Elsewhere in Woodbury, Andrea continues her affair with the Governor, and to avoid informing her of Maggie and Glenn's capture, he assigns her to help with Milton's research into walkers. Milton is observing a volunteer, Michael Coleman (Peter Kulas), who is slowly dying from cancer, to learn about how much memory retention walkers keep. Coleman finally dies and reanimates while secured to a bed. Milton believes that unsecuring Coleman would help Coleman provide better responses for his study, and proceeds to do so. Andrea quickly kills the reanimated Coleman before it can harm him. Milton realizes his theories are wrong, and Andrea escorts him from the room.

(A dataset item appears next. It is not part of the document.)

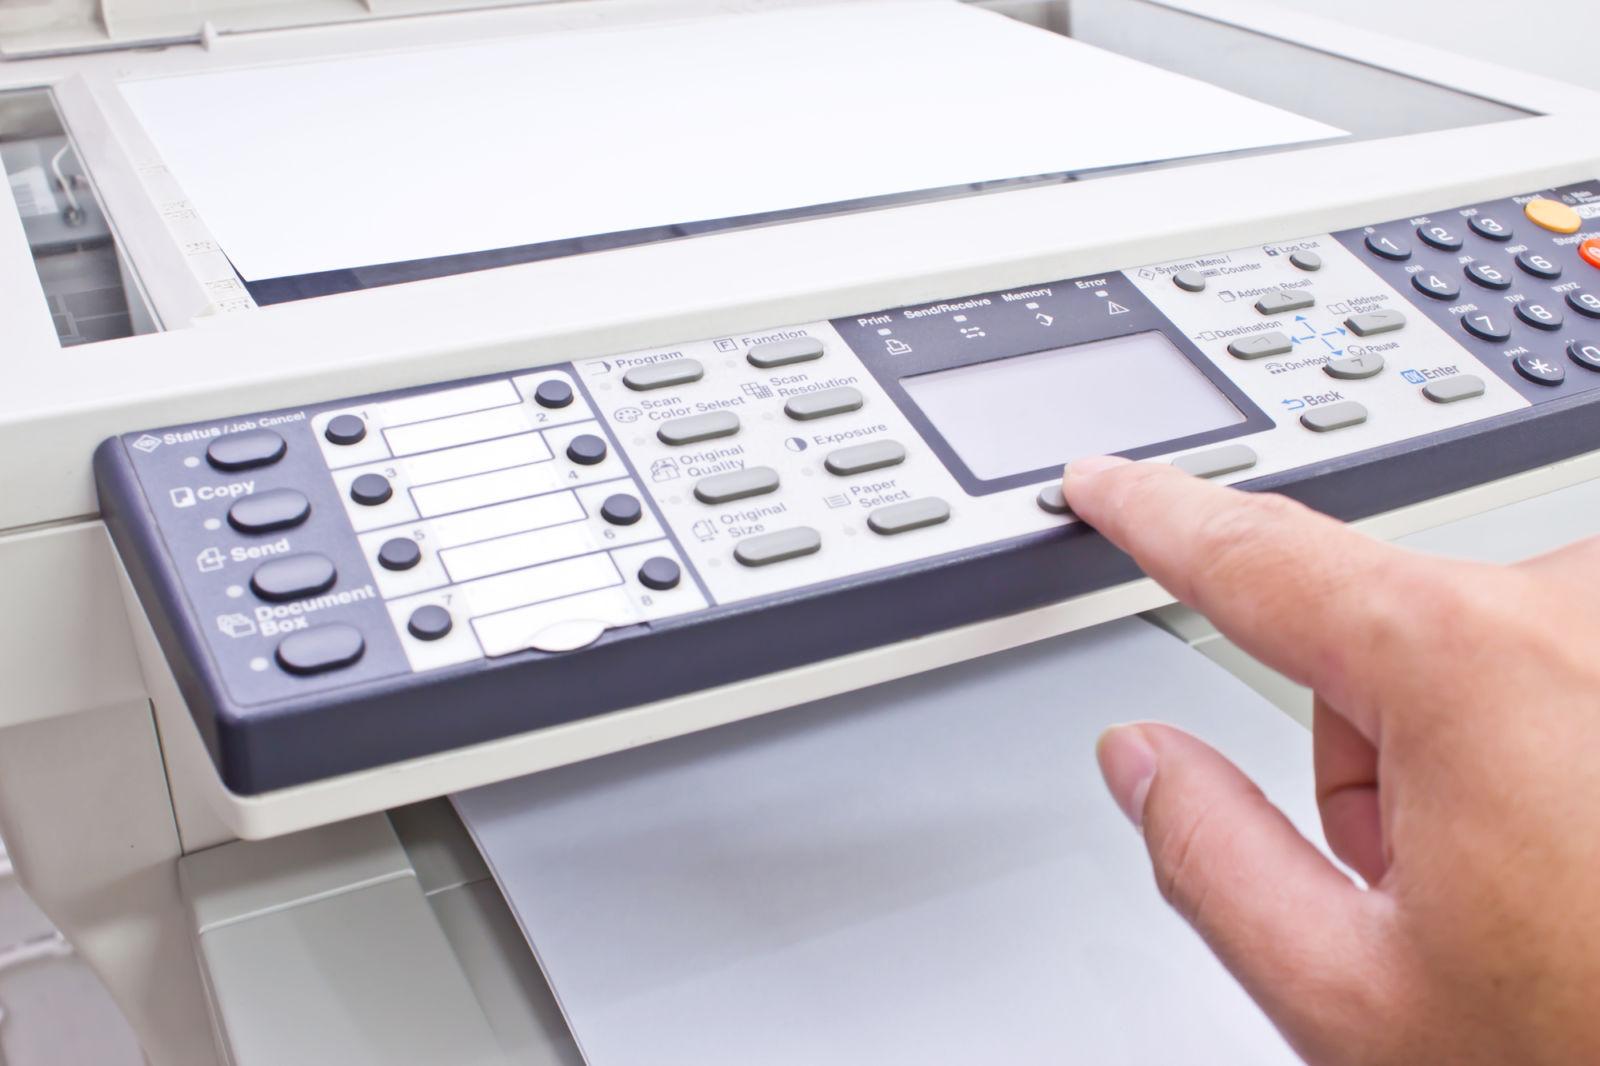 Zoek je hewlett-Parkard HP DesignJet T730 Large Format Wireless Plotter voor je (thuis)kantoor in Boskoop?
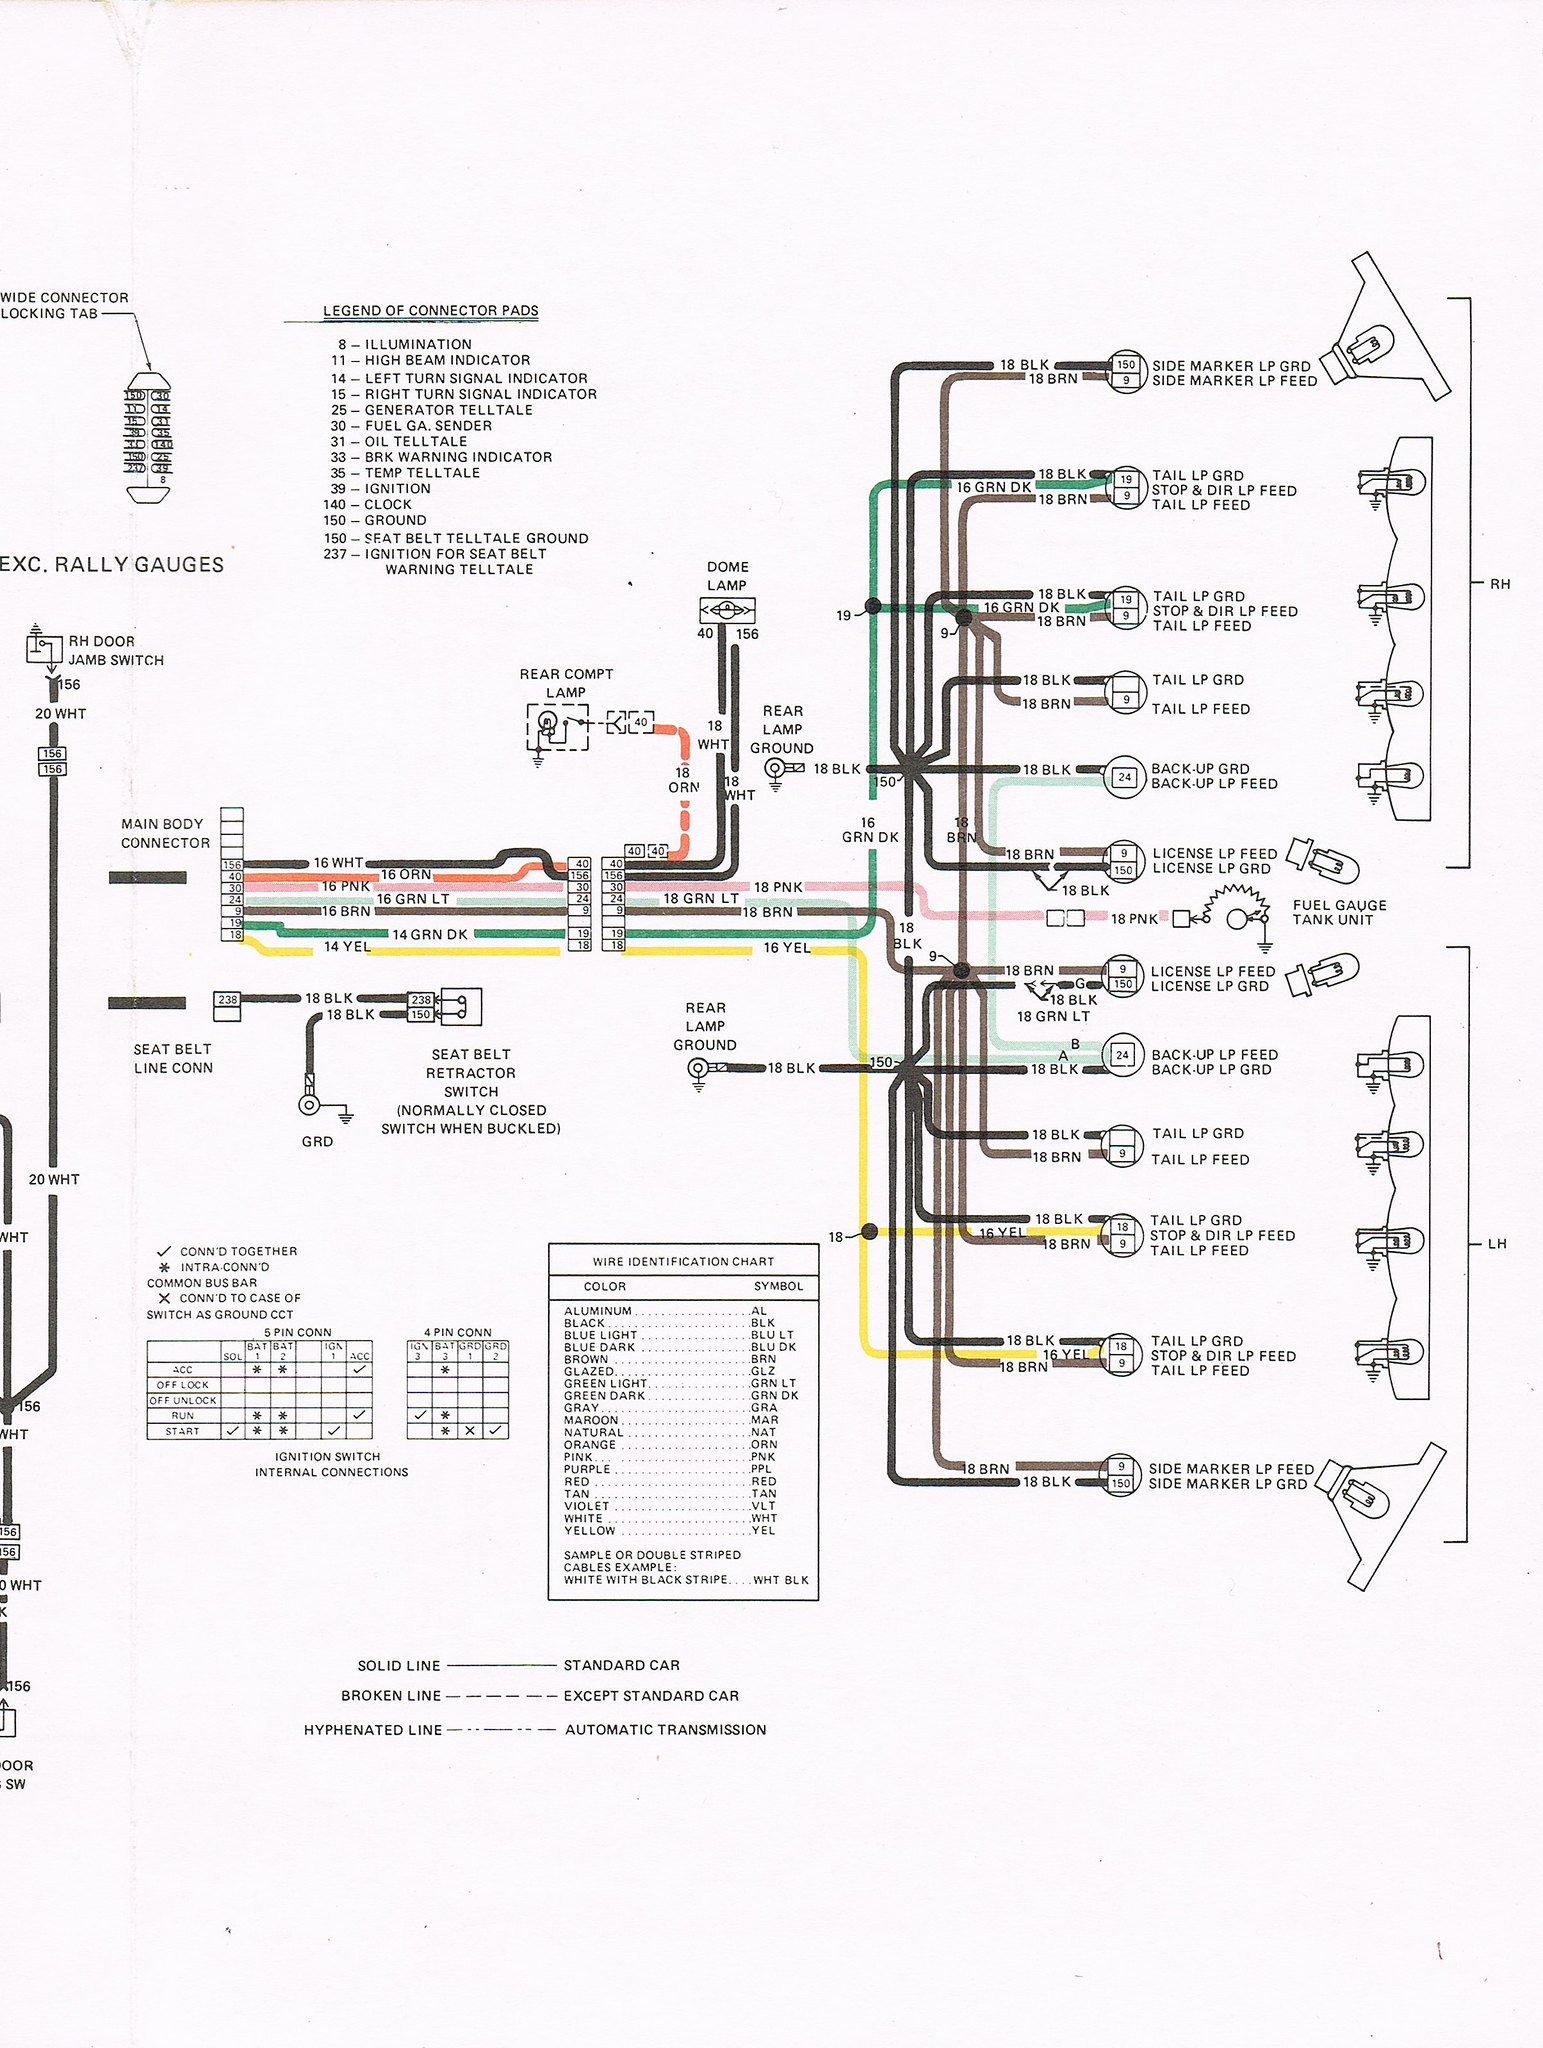 68 firebird wiring diagram ford glow plug relay camaro fuse box 18 images

Rick, Daryl, Michonne, and Oscar drive about a mile from town, planning to go on foot the rest of the way. As they travel, they are caught in a pack of walkers, and forced to take shelter in a small cabin. The cabin is occupied by a hermit (Alex Van), who panics and tries to hold them at gunpoint while shouting at them, attracting the walkers. Michonne kills him, and they push his body out the front of the cabin to lure the walkers away while they escape out the back. With Woodbury in sight, the group takes cover near a freight train to assess the situation, while on the other side of Woodbury's walls, Andrea approaches the Governor, explaining how Milton's test went and the Governor holds her to explain everything will be all right.

==Reception==

===Critical response===
Zack Handlen, writing for The A.V. Club, rated the episode an A− on an A to F scale; citing the copious amounts of happenings within the episode and declaring most of them exciting. Eric Goldman at IGN gave the episode an 8.9 out of 10, praising the director's lack of music for scenes depicting Michonne and Carl's character development.

===Ratings===
Upon its initial broadcast on November 25, 2012, "When the Dead Come Knocking" was watched by an estimated 10.42 million viewers, reflecting an increase in viewership from the previous episode which had 9.21 million viewers.